The main goal of the CLEVER Project is to gather evidence on Italian argument structure from three different source of knowledge that are typically used in distinct linguistics subfields: human acceptability judgments, behavioral data, distributional representations.
The main outcome of the project will consist of two types of resources that will be made publicy available:
- a wide-coverage dataset of sentences covering a series of linguistic phenomena concerning the verb argument structure of Italian verbs, annotated with human judgments and behavioral data;
- neural language models for Italian trained on a cognitively plausible corpus, which will be used to develop and test novel applications for the Italian language and as a source of evidence for investigating the property of the argument structure of Italian verbs.

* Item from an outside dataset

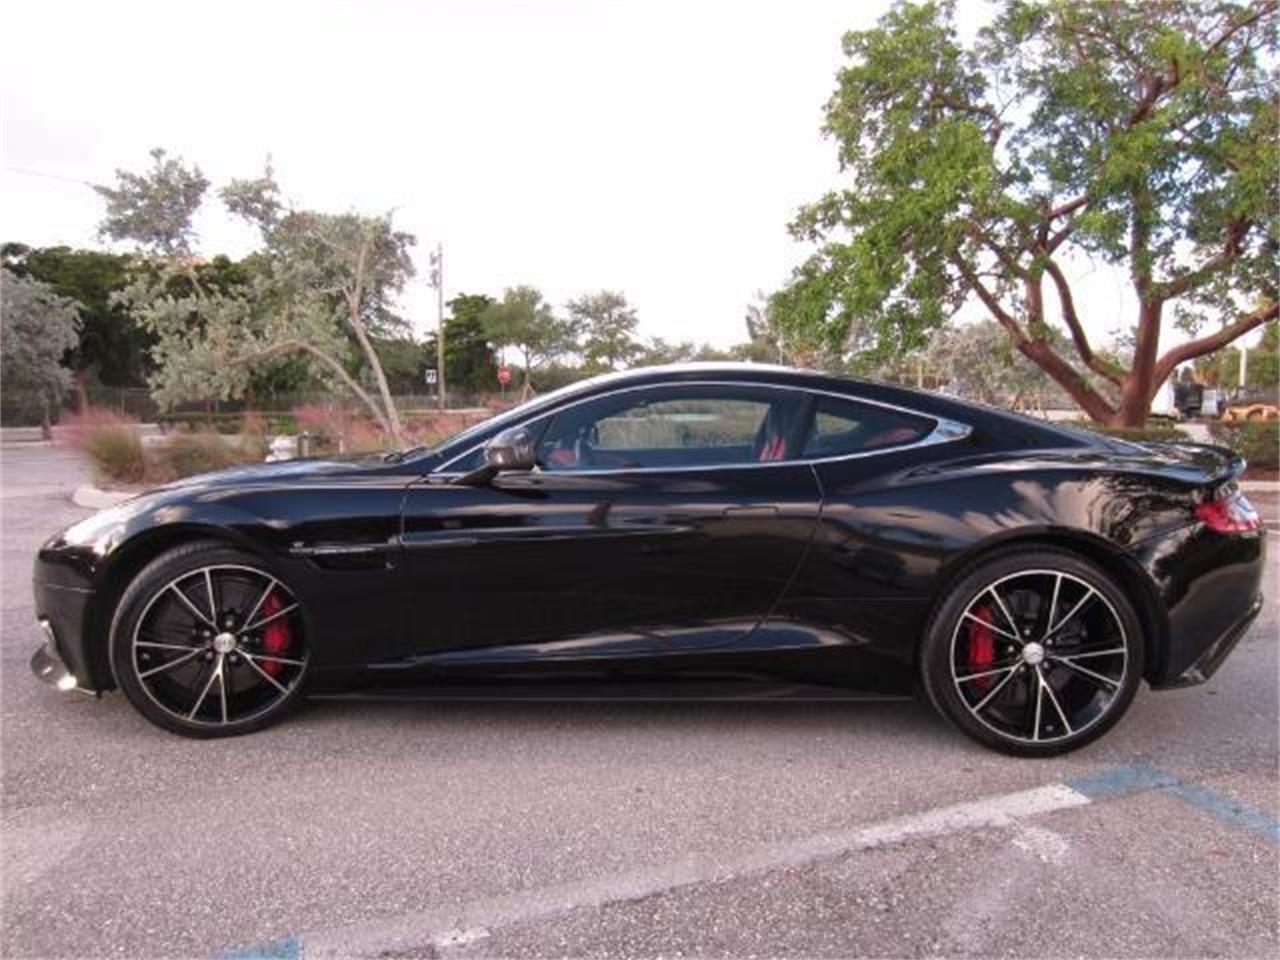 2014 Aston Martin Vanquish for Sale | ClassicCars.com | CC-1039166

CLEVER includes two RUs, with long-standing mutual collaborations: Università di Pisa (UPI) Università Ca’ Foscari Venezia (UVE)
The project consists of five work packages (WP) arranged into several activities.

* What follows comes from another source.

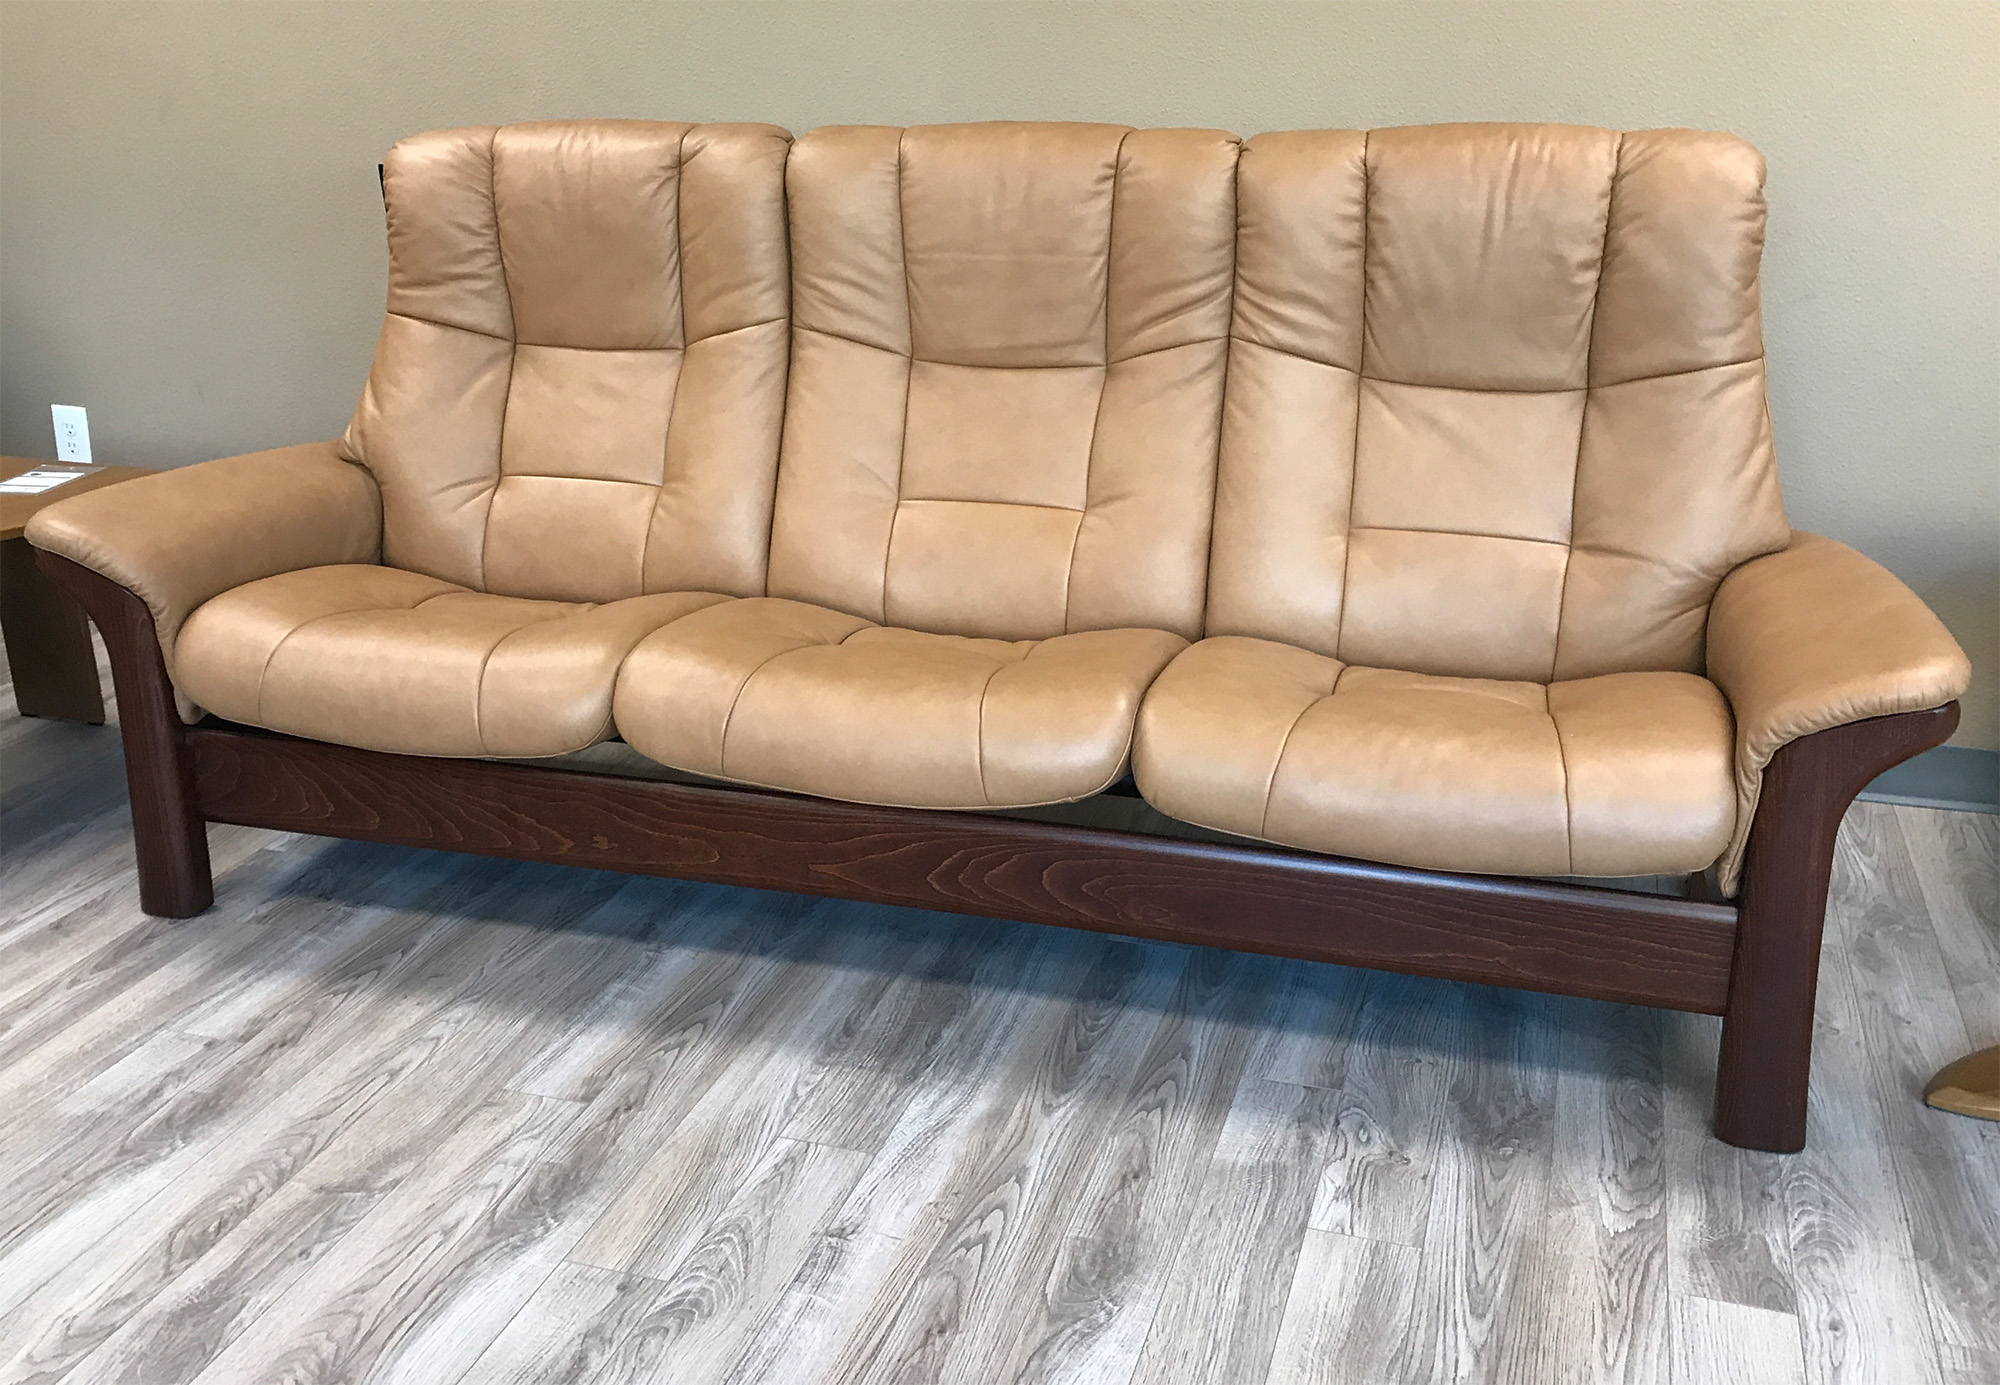 ekornes leather sofa stressless buckingham 3 seat high back sofa paloma taupe color

WP1. Corpus, linguistic analyses and dataset specification
WP2. Training of the Neural Language Model
WP3. Creation of the Linguistic Dataset
WP4. Computational modeling and linguistic analysis
WP5. Project Management
Trained models can be found at: https://huggingface.co/colinglab
Capone L, A Suozzi, GE Lebani, A Lenci (2024), CliC-it 2024, CEUR WORKSHOP PROCEEDINGS. BaBIEs: A Benchmark for the Linguistic Evaluation of Italian Baby Language Models.
Capone L, A Bondielli, A Lenci (2024), The 2nd BabyLM Challenge at the 28th CoNLL. ConcreteGPT: A Baby GPT-2 Based on Lexical Concreteness and Curriculum Learning.